On the one hand, this book gives an impression of several key points in paediatric intensive care, anaesthesia and analgesia. On the other hand, the actual choice for the various topics seems to be rather arbitrary, whereas each subject has its own concern and relevance.
The first part of the book is devoted to intensive care and this section summarises different aspects of this field.
It is hard to understand why scoring systems to assess severity of illness are being combined with, for instance, HFO ventilation, non-invasive ventilation and long-term home ventilation. From this perspective, it does not contribute to standardisation of care. This seems to me one of the major drawbacks of this book.

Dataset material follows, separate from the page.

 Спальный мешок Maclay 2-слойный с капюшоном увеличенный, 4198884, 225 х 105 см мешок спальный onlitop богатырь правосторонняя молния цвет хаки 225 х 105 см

The same holds true for the section on anaesthesia and perioperative medicine. This is a combination of subjects on safety and regional anaesthesia. But why is there a chapter on single lung ventilation?
So, if you are familiar with paediatric anaesthesia, intensive care and pain, it provides a nice update. However, if you are in training as a paediatric intensivist or a paediatric anaesthetist, you might look for a book that provides you with a more complete overview of the field and that takes the approach by age group. This book brings you an overview of relevant key points in the Italian intensive care community.